Every status change emits one firehose event:

active → #account { active: true }
otherwise → #account { active: false, status: <new> }
deleted additionally → #tombstone

That's the same wire shape the user-side deactivate/activate/delete flows emit. From the federation side, an admin takedown is indistinguishable from a user-initiated deactivation; both are just "this DID went quiet."

getAccountInfo / getAccountInfos

Read one or many. The minimum useful payload:

{
  did: string
  handle: string
  email: string
  emailConfirmedAt?: string
  indexedAt: string  // = accounts.created_at
  status: string
}

The upstream lexicon adds relatedRecords (recent records the account posted) and a repo summary (root CID, rev, active). We leave those out for the teaching surface — both are derivable from existing endpoints (com.atproto.sync.getLatestCommit, com.atproto.repo.listRecords) and including them here would duplicate that work.

getAccountInfos takes repeated ?dids= query params.
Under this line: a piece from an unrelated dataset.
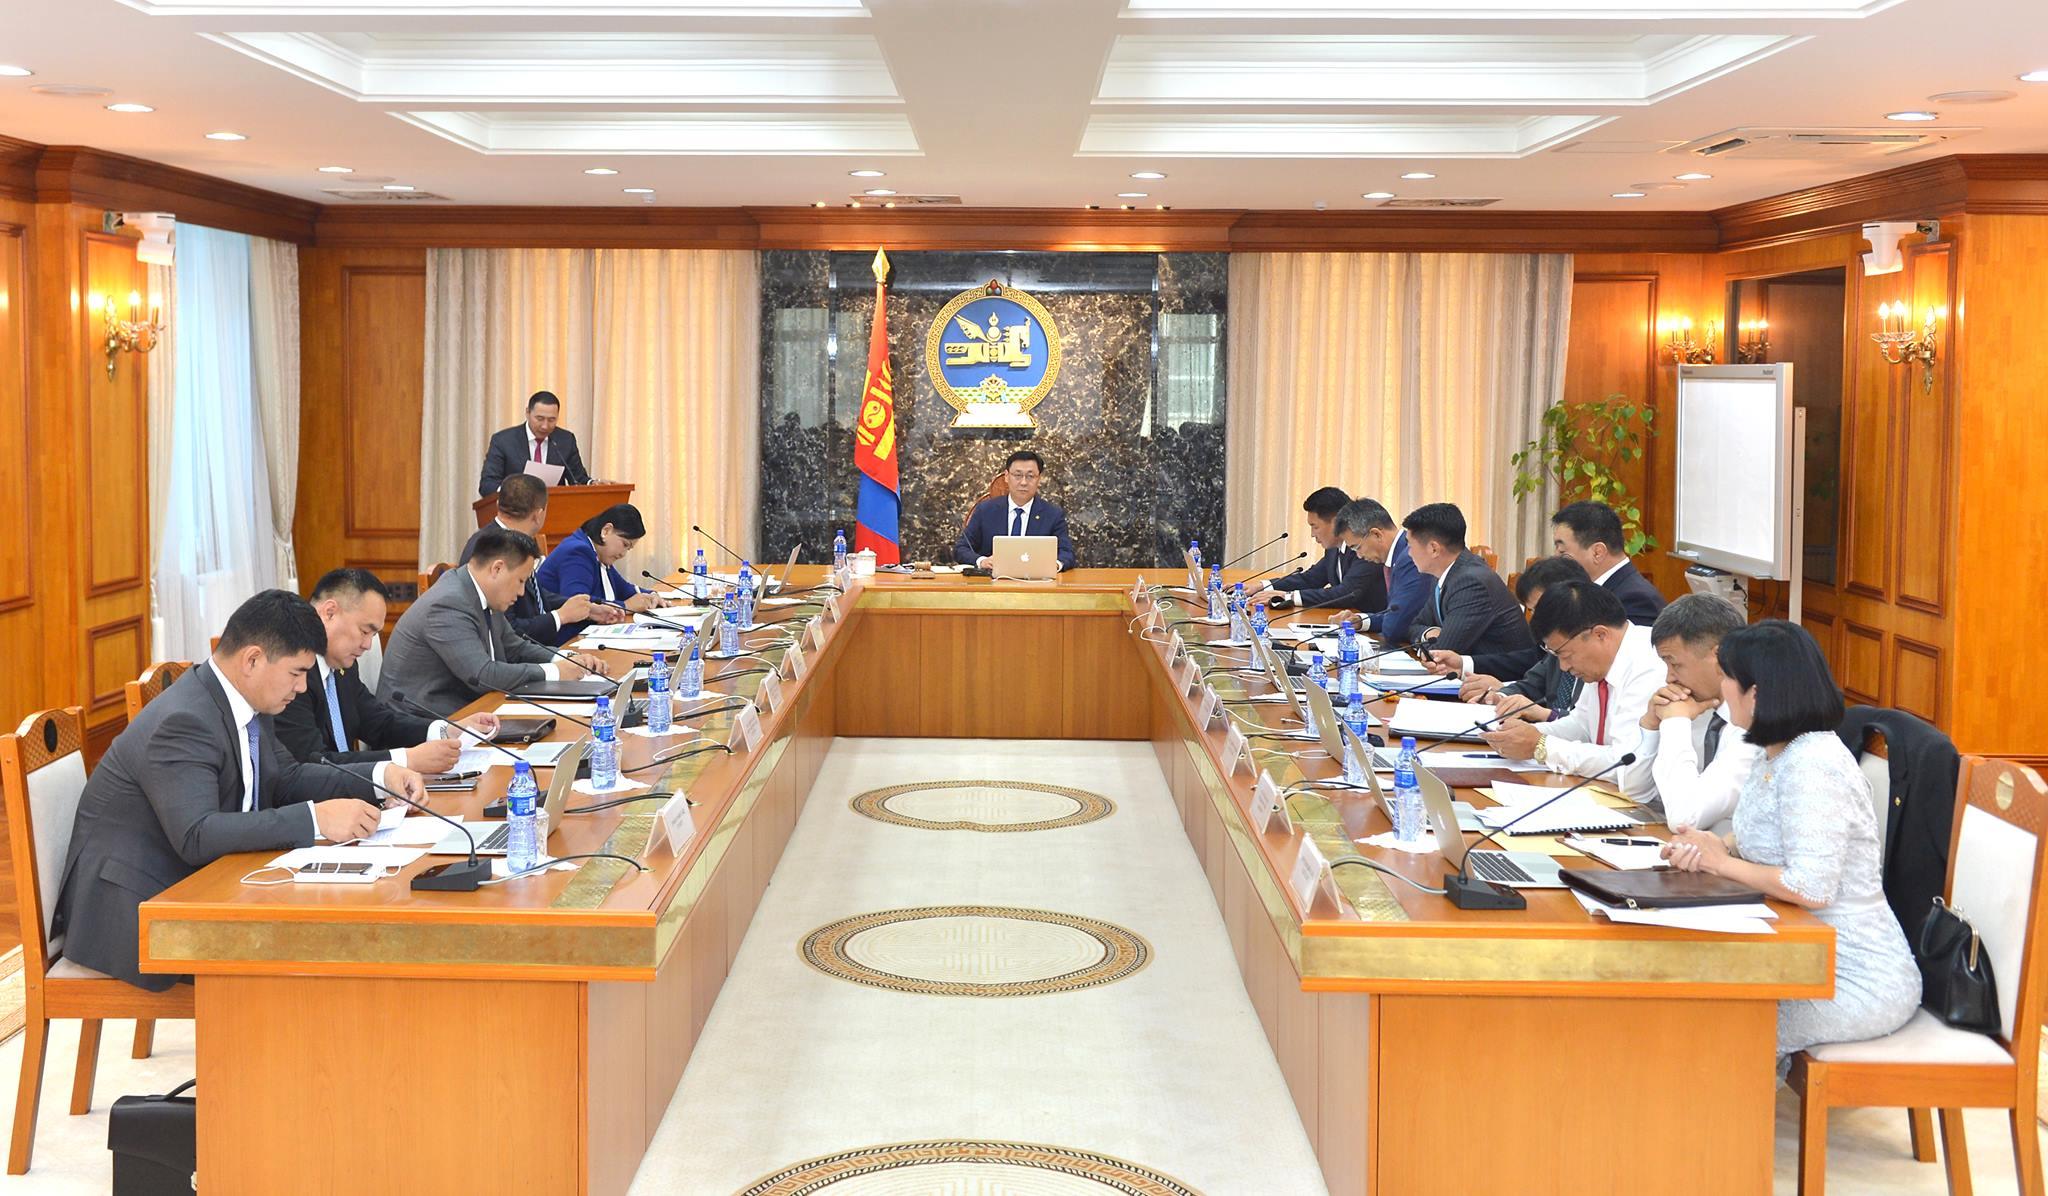 УБТЗ-ын ерөнхий хувь нийлүүлэгчийг томиллоо

The XRPC dispatcher folds repeated keys into the last value when it builds the params object, so the handler reaches into request.url:

const dids = new URL(request.url).searchParams.getAll('dids')
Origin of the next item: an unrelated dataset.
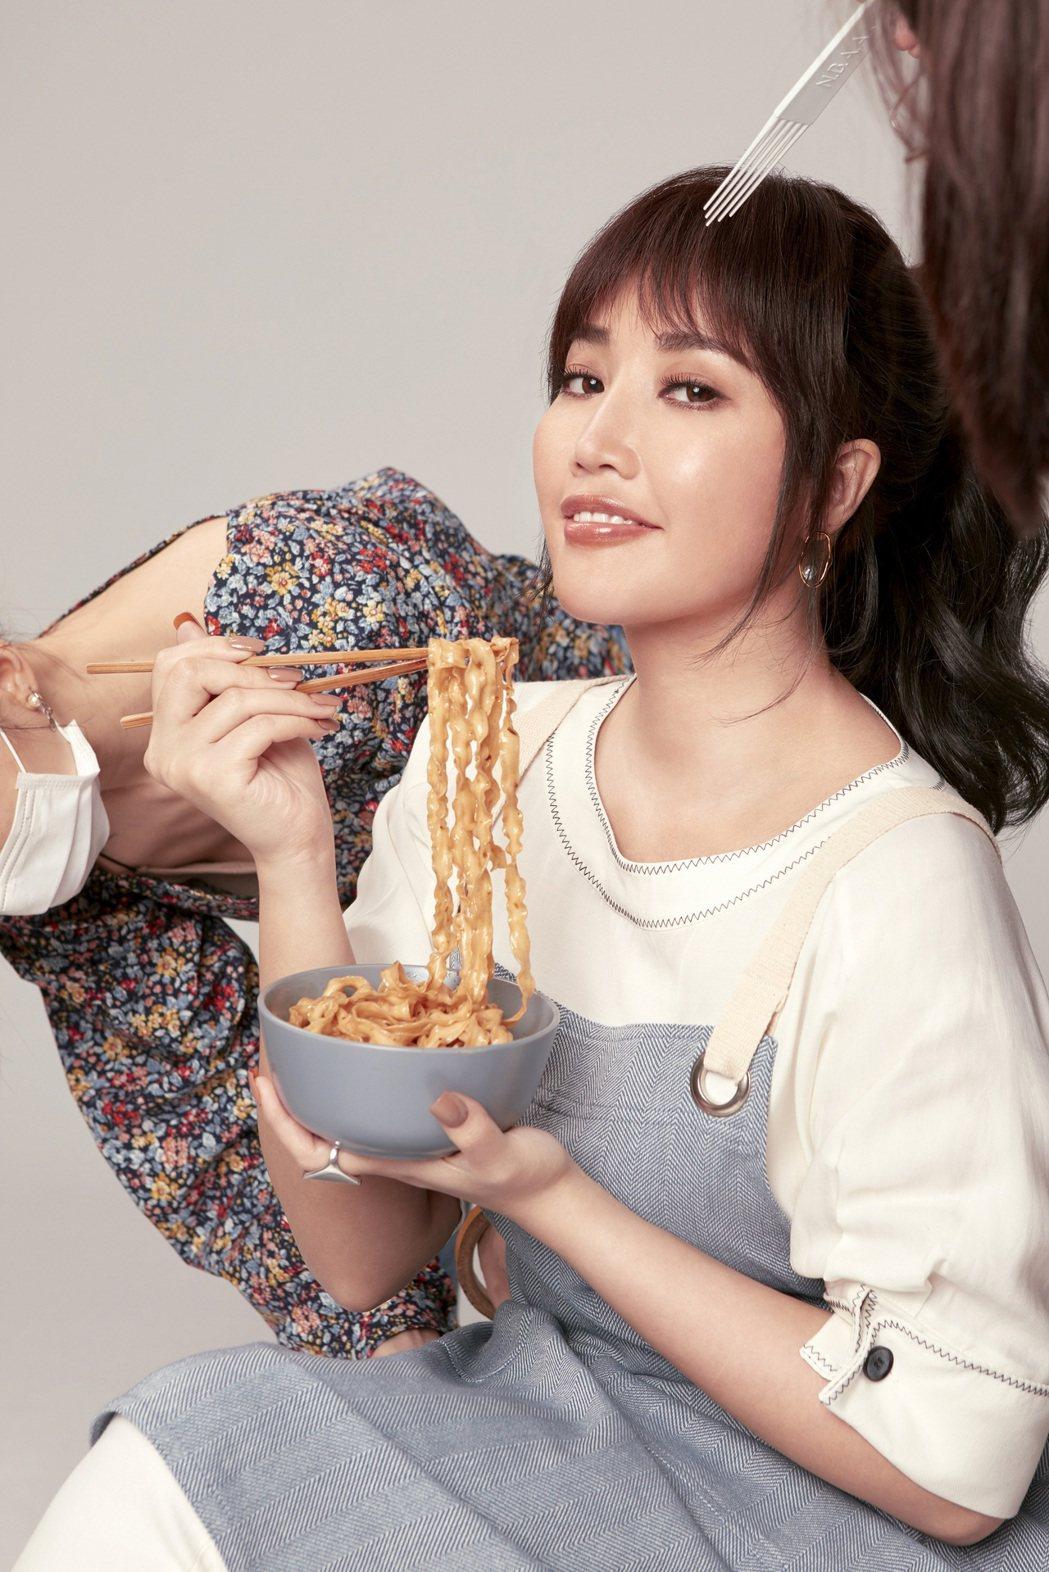 A-Lin很不住一直吃道具,一度導致拍攝中斷。圖/老媽拌麵提供

That pattern only appears in this handler today; if a third endpoint needs it we'll factor it into the dispatcher.

updateAccountHandle

Validates handle syntax via the shared assertValidHandle (chapter 04). Checks availability — the accounts_handle_idx unique index makes that free; we just translate the 23505 Postgres error code into a HandleNotAvailable 409. Then swaps the row and emits #identity:

await emitIdentity({ did, handle })

⚠️ Divergence from upstream. A real PDS also rotates the user's PLC operation so the DID document reflects the new handle. We don't, for two reasons. First, rotation logic is being implemented in a separate session and isn't on main yet. Second, including it here would mean an admin operation has to read the user's rotation key, which has its own access-control story this chapter isn't ready to open up. The follow-up that combines admin rename + PLC rotation will land alongside the rotation work.
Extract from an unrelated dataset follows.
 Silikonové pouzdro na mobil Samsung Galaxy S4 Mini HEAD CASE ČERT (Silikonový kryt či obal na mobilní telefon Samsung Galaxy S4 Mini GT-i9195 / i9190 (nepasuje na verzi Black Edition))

Until then: the firehose #identity event tells consumers the new handle exists; the DID document still claims the old one until the rotation catches up. That's wrong, and the chapter calling it out is the fix until the code does.

updateAccountEmail

Resolves account (DID or handle, via findAccountByIdentifier from the session module — same lookup the login flow uses), then:

await db
  .update(accounts)
  .set({ email: parsed.data.email, emailConfirmedAt: null })
  .where(eq(accounts.did, target.did))

Clearing emailConfirmedAt is intentional. An admin can set the address, but they can't vouch for it; the user still has to confirm through com.atproto.server.confirmEmail before any flow that requires confirmation (password reset, account delete) will use it. This matches how the user-side updateEmail works (chapter 13).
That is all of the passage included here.